In this section, we present the most important results in the area of text and speech processing. Semantically informed text processing is essential for the Open Science Web (RA5 and Demonstrator). Cross-modal speech processing is an important prerequisite to Multimodal Interaction (RA9 and In-Car Demonstrator), and profits from collaboration with Visual Computing (RA2).
Extending semantically informed linguistic grammars through treebank development:
Quick prototyping of a semantically informed grammar of German has been demonstrated by combining introspective grammar development with a corpus-driven approach by Cramer and Zhang. In collaboration with Emily Bender's team at the University of Washington, Antske Fokkens has developed modularized grammar components covering word order phenomena in the larger project context of the LinGO Grammar Matrix. In an ongoing project with Dan Flickinger (Stanford University), we are exploiting methods to integrate human language intuitions with the linguistic grammar analysis, to construct a richly annotated corpus (with both syntactic and semantic information). In 2010, Zhang and Kordoni presented efficient ways of using machine learning techniques and improved treebanking efficiency by over 50% without hurting annotation quality.
Cross-domain hybrid syntactic and semantic parsing:
A hybrid system which combines the statistical models with linguistic hand-crafted grammar in the dependency parser and semantic role labeler achieved leading performance in the open competition (CoNNL shared task, 2008).
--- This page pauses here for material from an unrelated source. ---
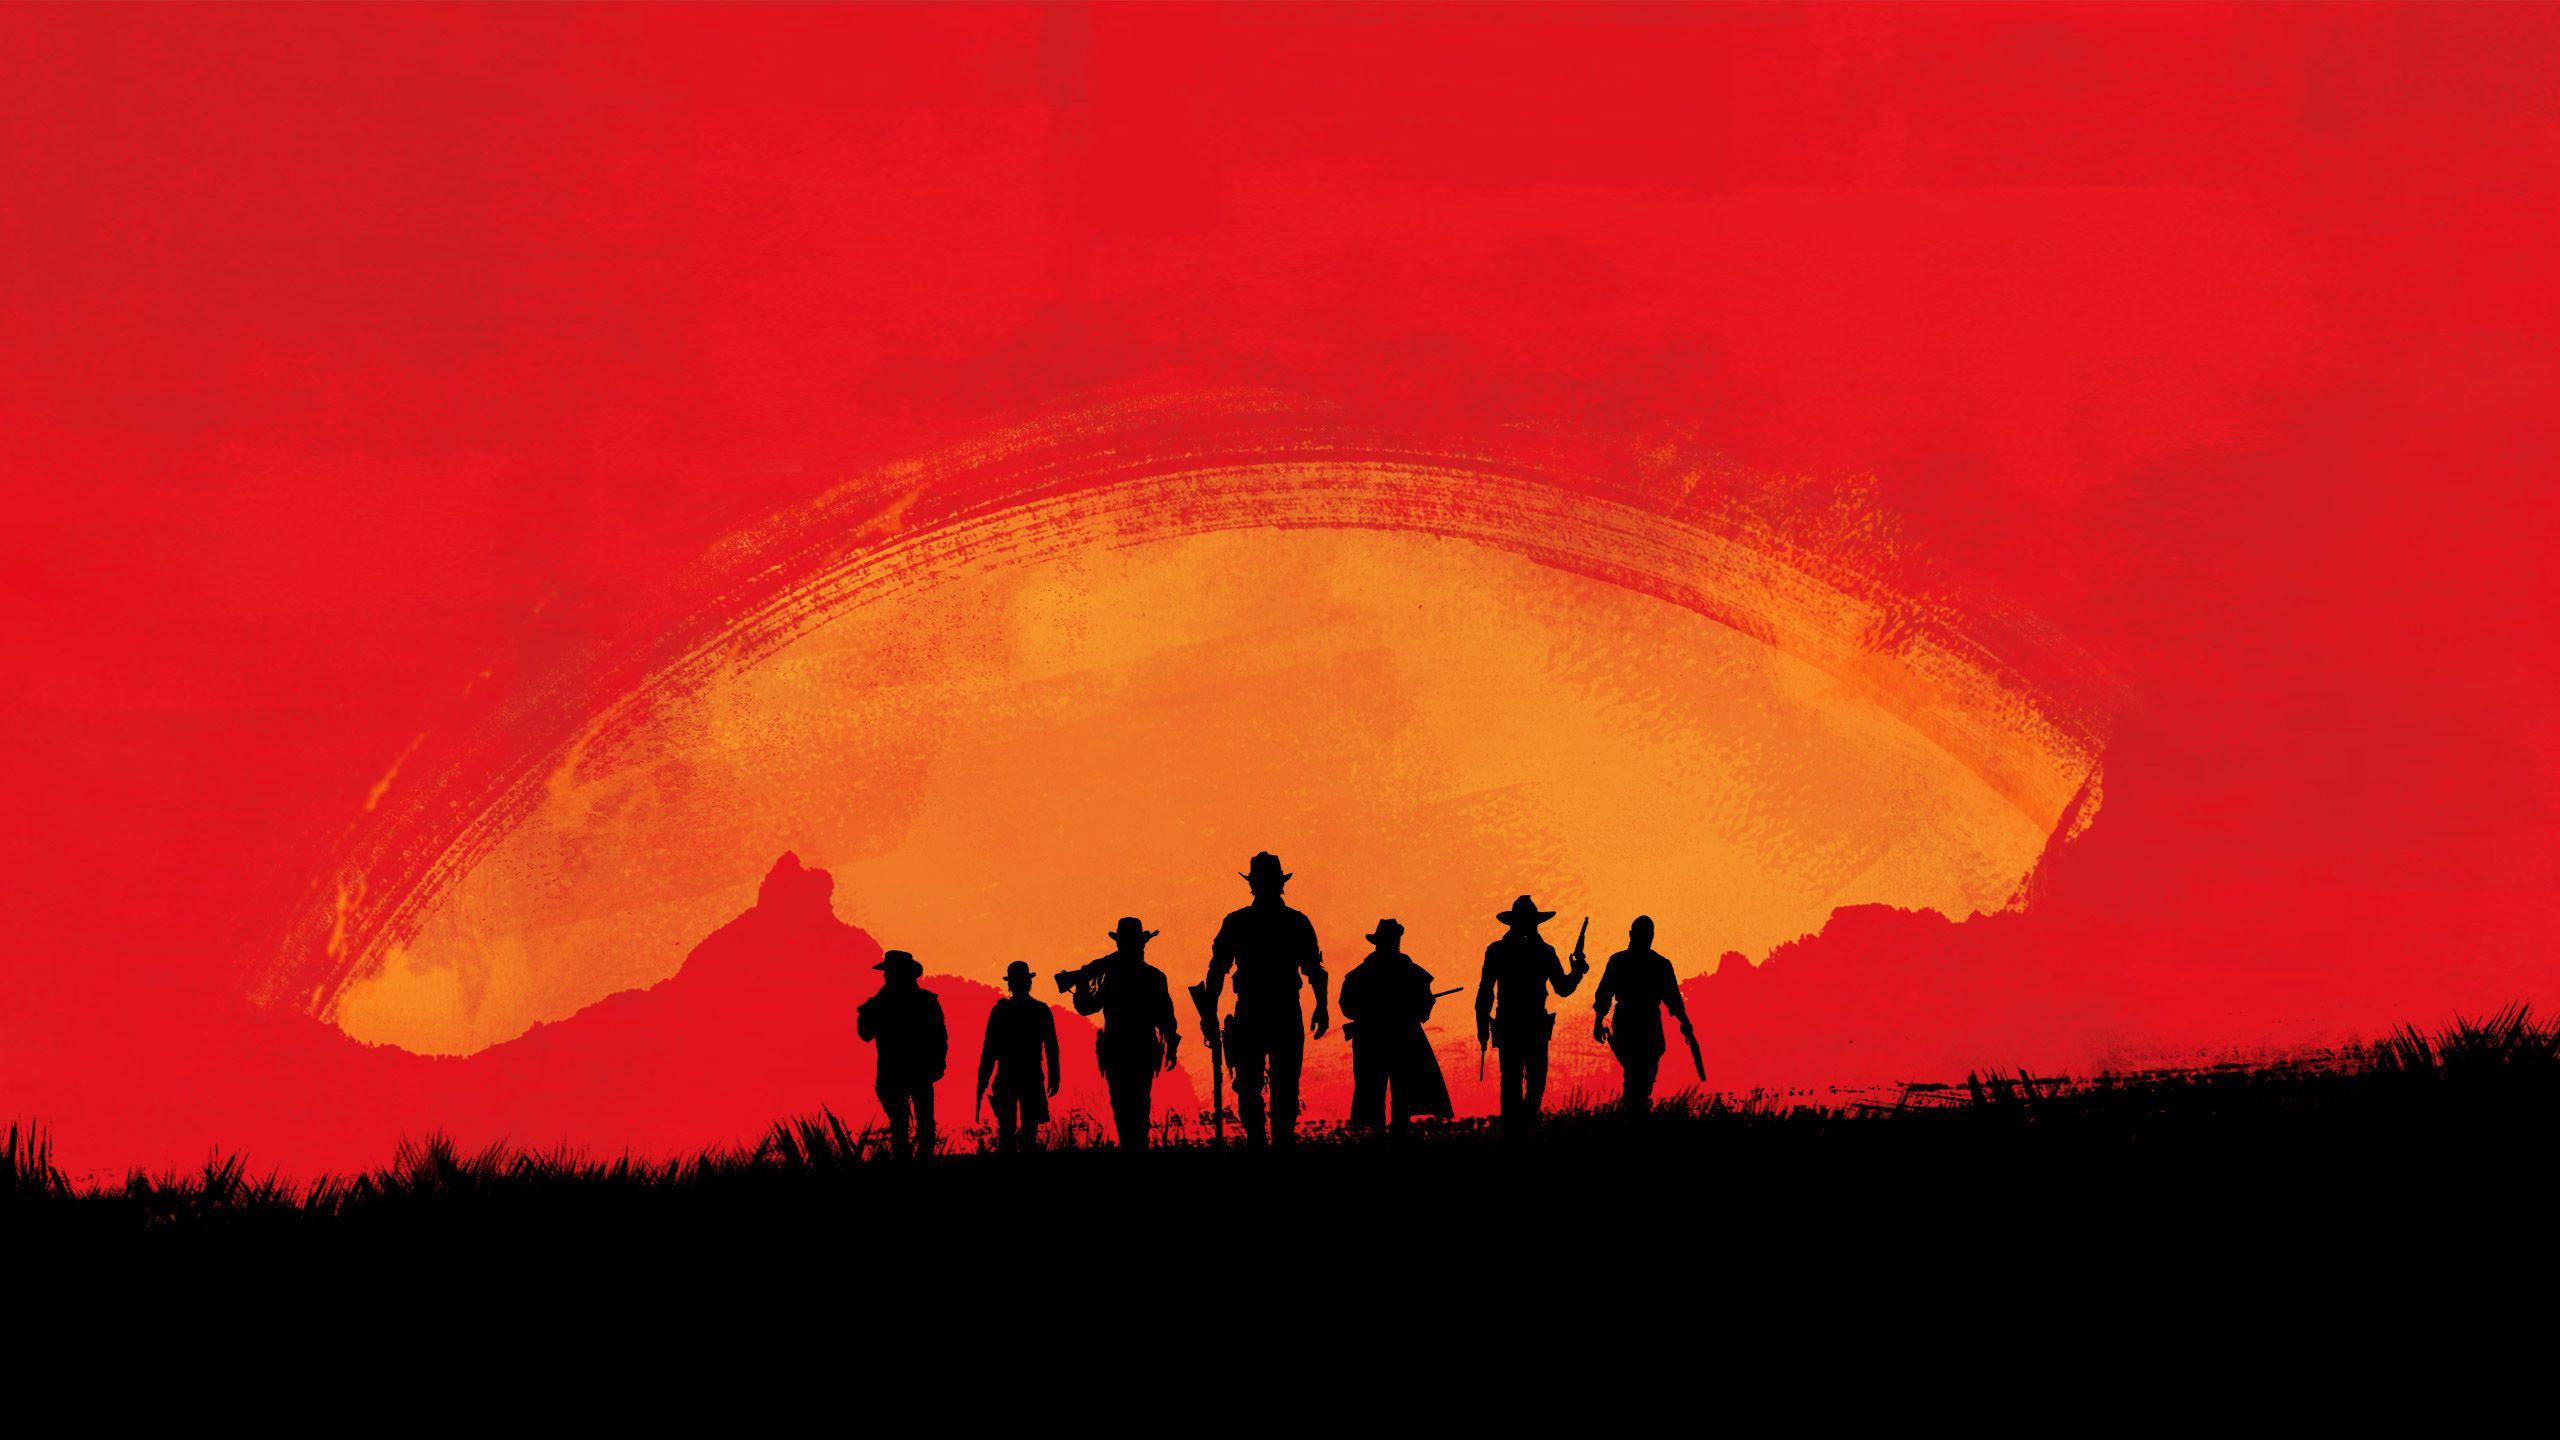 Red Dead Redemption 2 Wallpaper Free Red Dead Redemption 2 Background

The improvements observed on English in previous shared tasks were also confirmed on multiple languages — in collaboration with Stephan Oepen (University of Oslo) — in the CoNLL 2009 shared task on syntactic and semantic dependency parsing with seven languages. In 2009, Zhang and Wang showed that the hybrid parsing strategy which combines the linguistic hand-crafted grammars with machine learning-based statistical models generally improves the cross-domain performance.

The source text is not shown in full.